Metalwork, and particularly bronze, was often inset with enamel: in the fully developed champlevé (“raised field”) technique, the recessed areas on the metal’s surface were filled with powdered glass and the object heated to bring the glass to melting point and, hence, conversion into enamel. Pink coral and amber were also inlaid into metal, and produced a particoloured effect.

IV

The Accoutrements of Warfare

As fighting and warfare were important in Celtic life, and as Celtic society valued martial prowess, so artistic skill was lavished on weapons and armour, and on harness and chariots. While such objects were the vital equipment with which the Celts went into battle, they were also gifts fit for the gods and the accoutrements of rank with which brave warriors passed into the afterlife.

The short daggers with elaborate openwork hilts found in Hallstatt chiefs’ graves were very likely worn as symbols of rank. The principal equipment of the Celtic warrior consisted of sword, spears, and shield. Of these, the sword hilt and scabbard, often made of bronze, tended to attract the highest artistic skills. Spear-points too were sometimes decorated. While functional shields were generally made of wood and leather, some highly ornate oval bronze shield covers, with applied repoussé panels bearing curvilinear decoration and enamel inlay, are known. Three such examples have been found in the River Thames, and were clearly ceremonial in function. The finest is Battersea Shield, which was recovered from the Thames at Battersea, in south-west London.

A ceremonial rather than practical function is also presumed for some handsome but impractical swords. Most surviving weapons have been found in graves, destined to accompany their owner to the next life, but a number of the most splendid items were consigned to the waters in a manner that seems to find an echo in the return of Excalibur, the sword of King Arthur, to the lake.
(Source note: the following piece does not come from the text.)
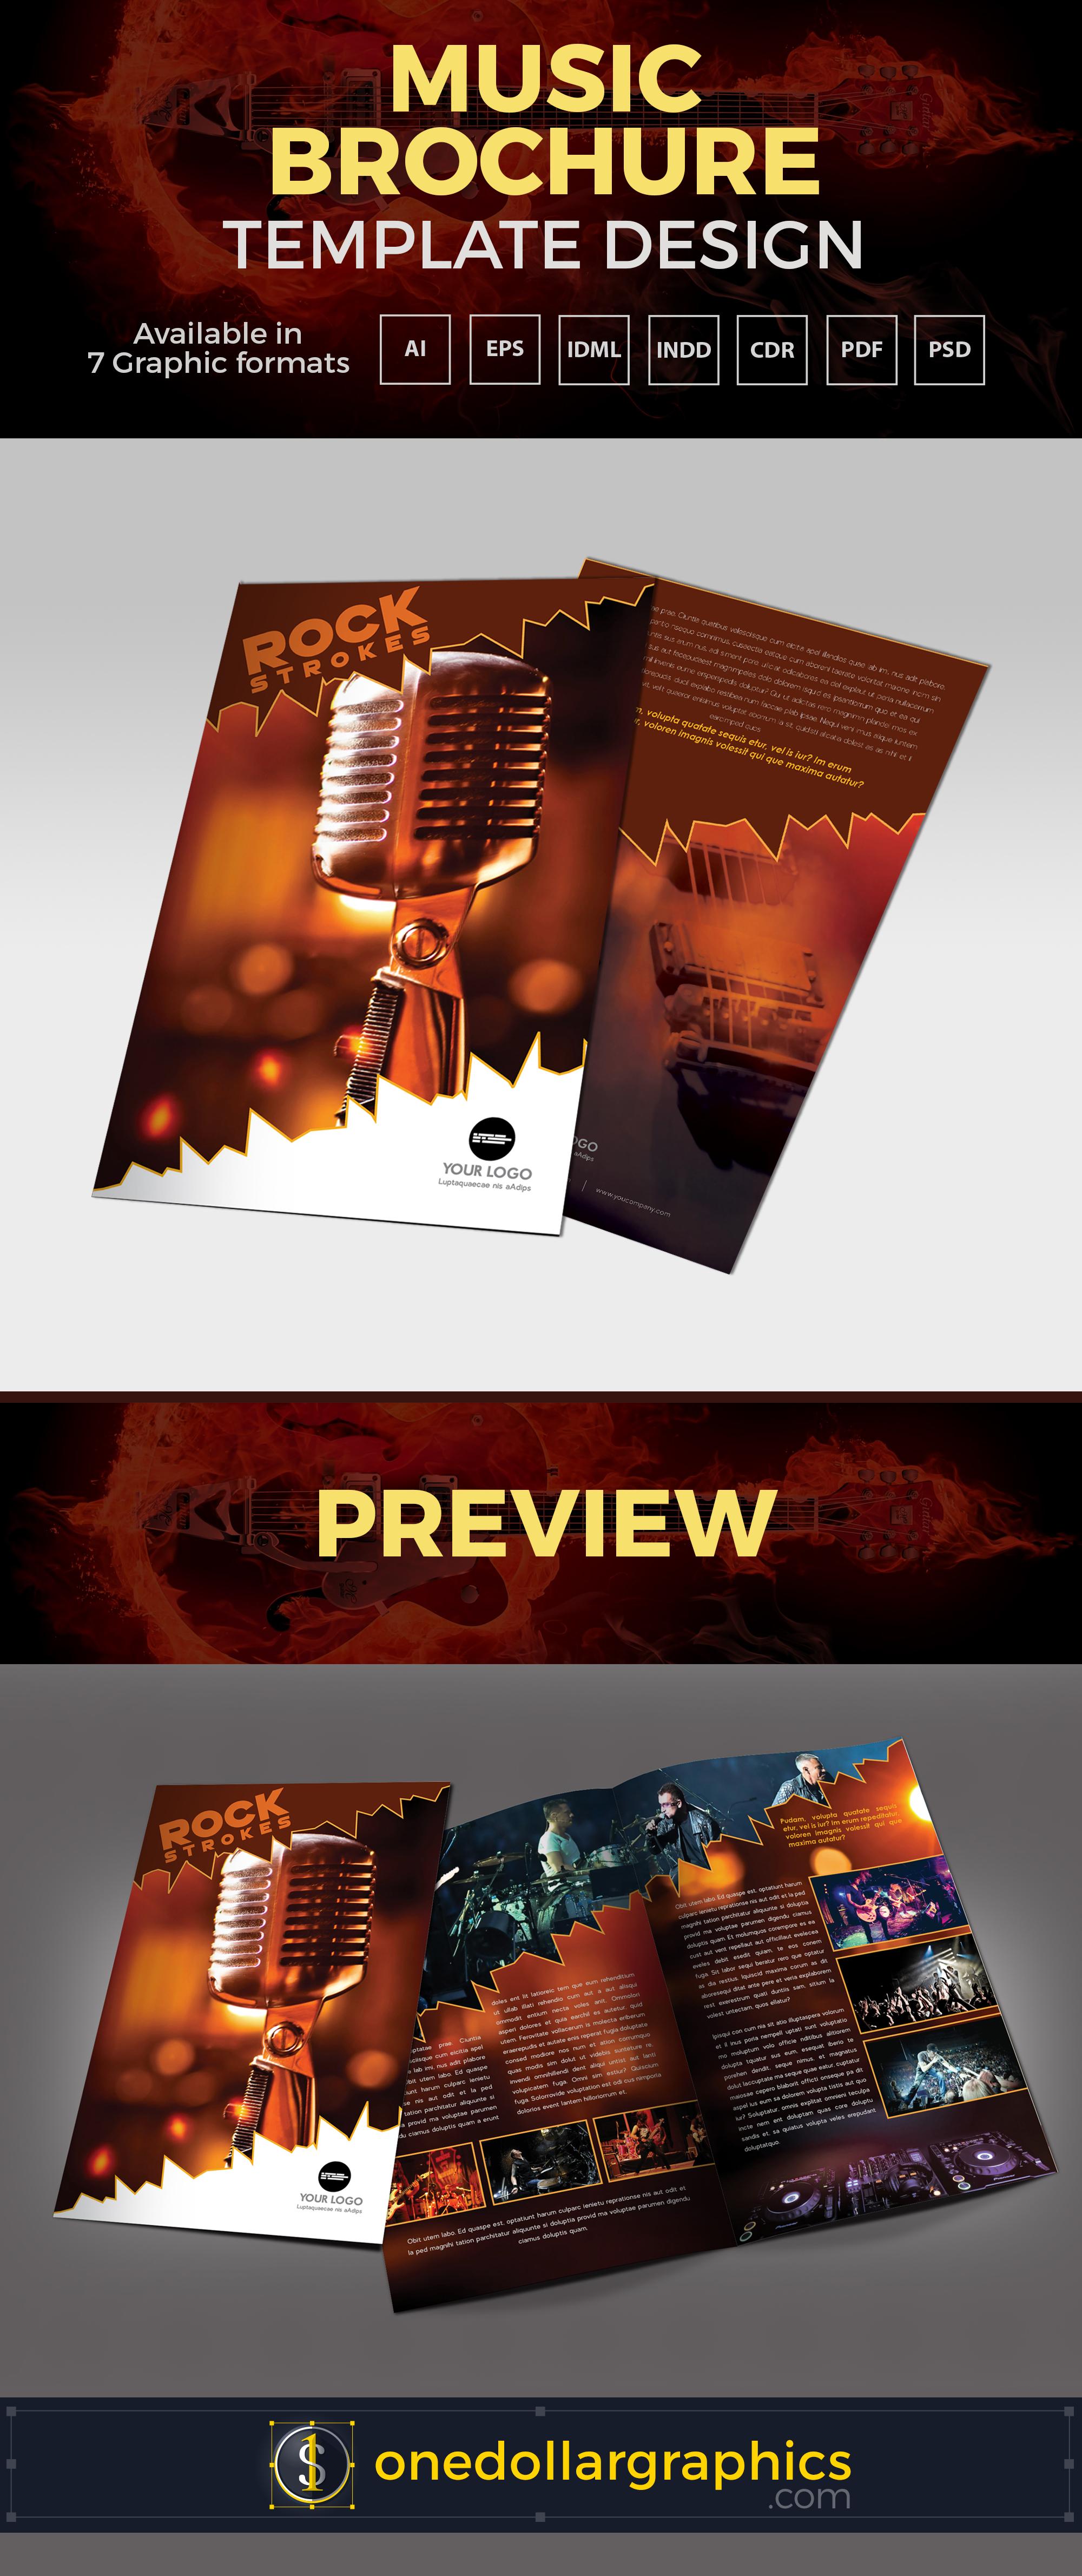 A4 Music-brochure-template-design

Helmets figure in some pictorial representations and in Classical accounts; and some splendid examples are known: that found in the Thames near Waterloo Bridge, in central London, in the mid-19th century bears swirling asymmetrical decoration and a pair of conical horns.
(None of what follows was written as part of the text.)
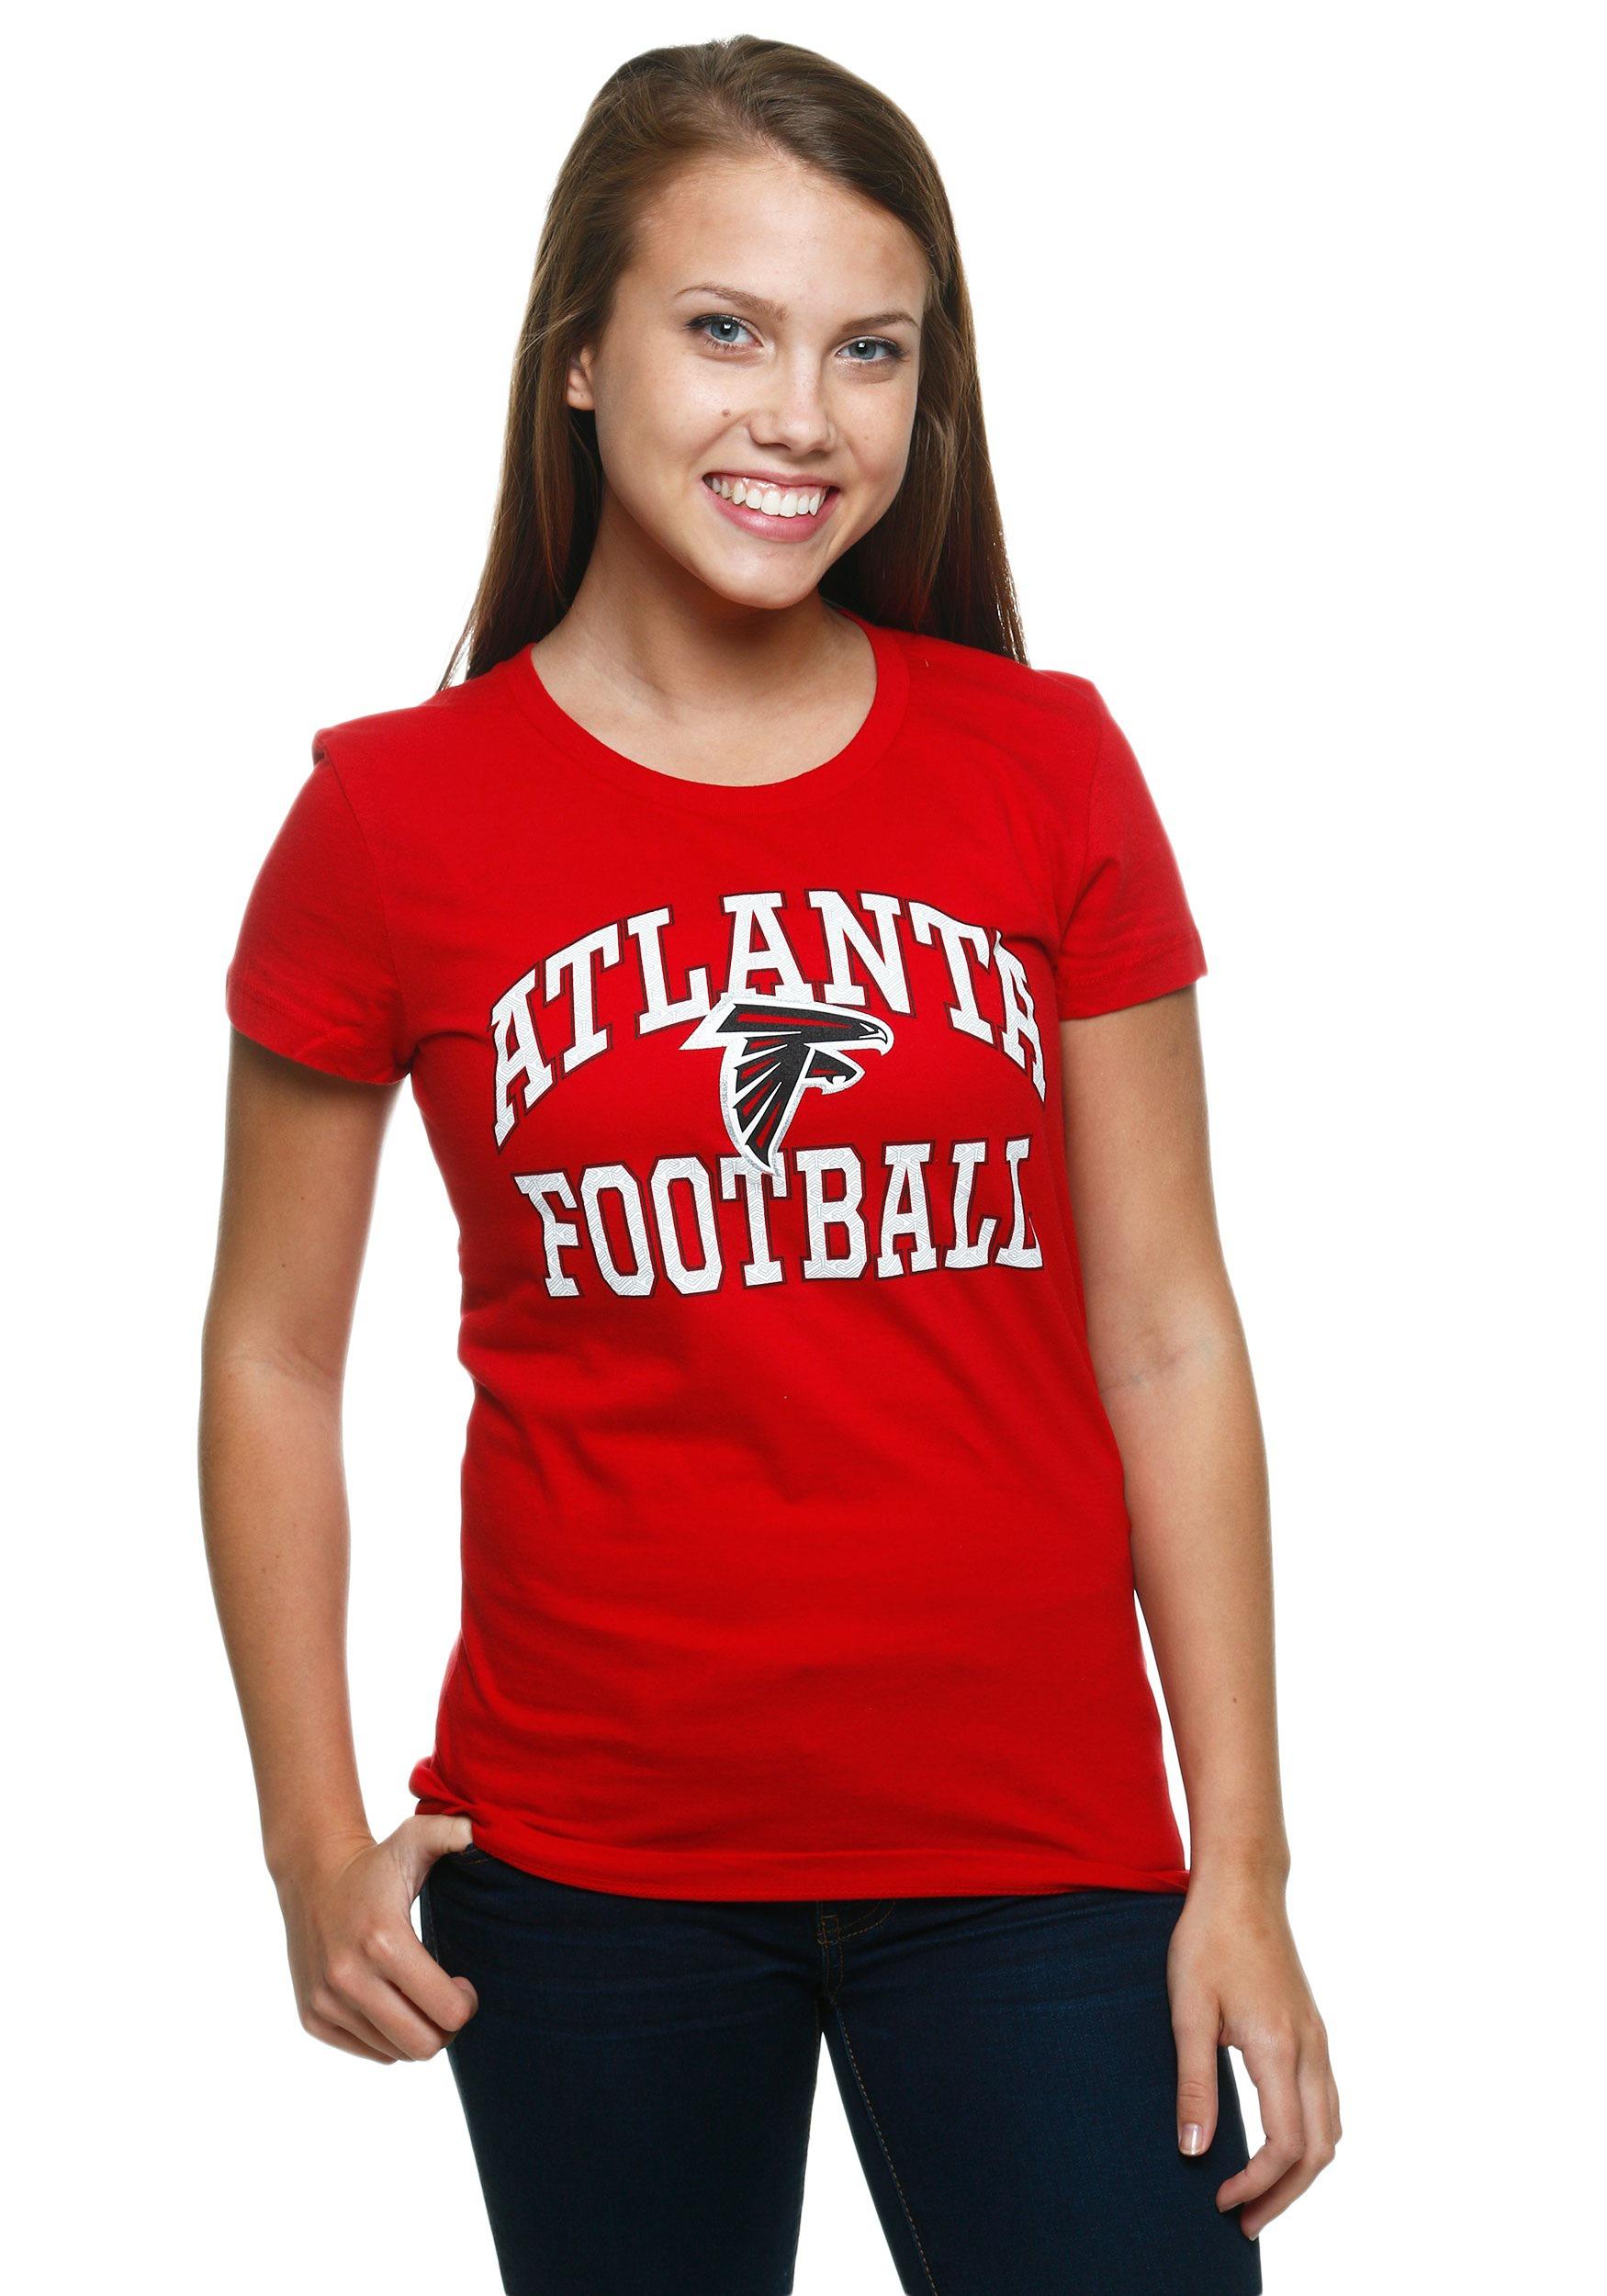 Atlanta Falcons Franchise Fit Women s T-Shirt b163266b32

Harness, made of bronze or iron, was similarly decorated; such pieces as bits, terrets, linchpins, and decorative mounts were endowed with the classic Celtic repertoire of abstract and zoomorphic patterns, produced either as low relief or in enamel inlay. Warriors were occasionally buried with their chariots, and full array of armour: one of the best known of such burials is that discovered at Wetwang Slack, Humberside, in 1984.